I thought maybe that initiating a name change process (without going through with it/paying for it) might clear the details I'd entered, but it doesn't (the name change process cannot be started with passenger details entered on to the booking)

What do you reckon from a legal standpoint? Check in and fly with the wrong expiry date in place? Surely, it's not really against the Ts & Cs as the expiry date matching online/document is a non-issue for EU travel as long as the passport is valid? Try and email Ryanair to sort it, cos maybe it's breaking a T and C and that is cause to invalidate the booking? (probably not legal to cancel my booking for this, but it would cause me hassle at the time). I will actually be at Dublin Airport before the flight date and might ask the Ticket Desk at Dublin airport about it. They're pretty helpful there.

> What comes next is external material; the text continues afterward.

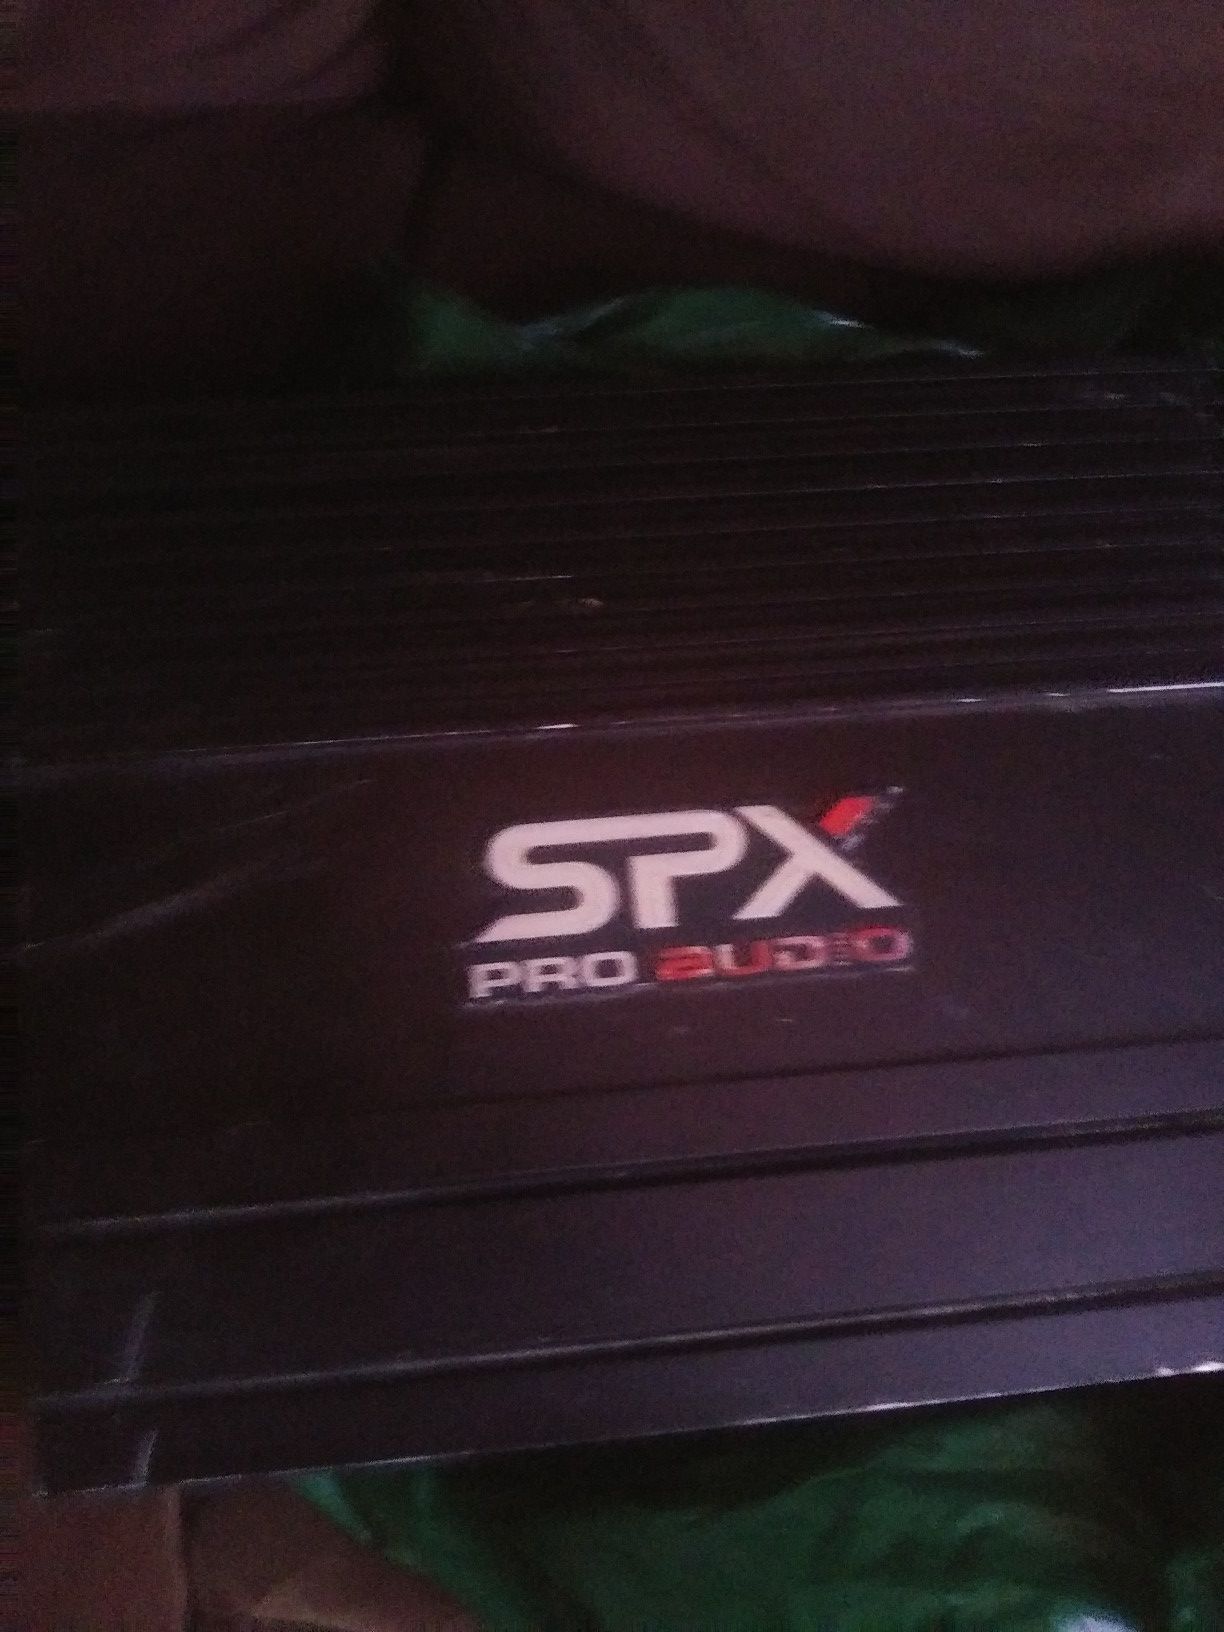 Spx pro audio

Please don't reply and say "call Ryanair, it'll only cost you about £5 and £5 is not much for peace of mind"      It is a valid point, but I'm not really writing this for peace of mind, just writing it for some sort of pedantic discussion on the ins and outs of this.


----------



## EvilDoctorK

Based on my (thankfully limited) Ryanair experiences your passport will be subject to a very cursory glance by their staff as you board the aircraft (assuming you're travelling with just hand luggage) and at most they're glancing at the name to see does it match the name on the boarding pass .. I would be highly surprised if they noticed the expiry date discrepancy at all


----------



## pgw152

Hi EDK,
Thanks for that. That indeed is my experience of travelling with Ryanair also.
Anybody got any thoughts on the legal position if it was spotted and boarding was denied?
Once, 2 of my friends were travelling on the same booking and they got the details in the reverse order. i.e. friend1 had all the details of friend2 and vice versa. They got through OK after a little chat to the staff at the gate to explain their accidental worngful entering of passenger details. That would seem to suggest that the staff check of the passport can override some erroneous passenger details being entered. I'd hope that this discretion of the staff is applicable for such understandable errors due to their being no legal grounds for denying boarding for such errors.


----------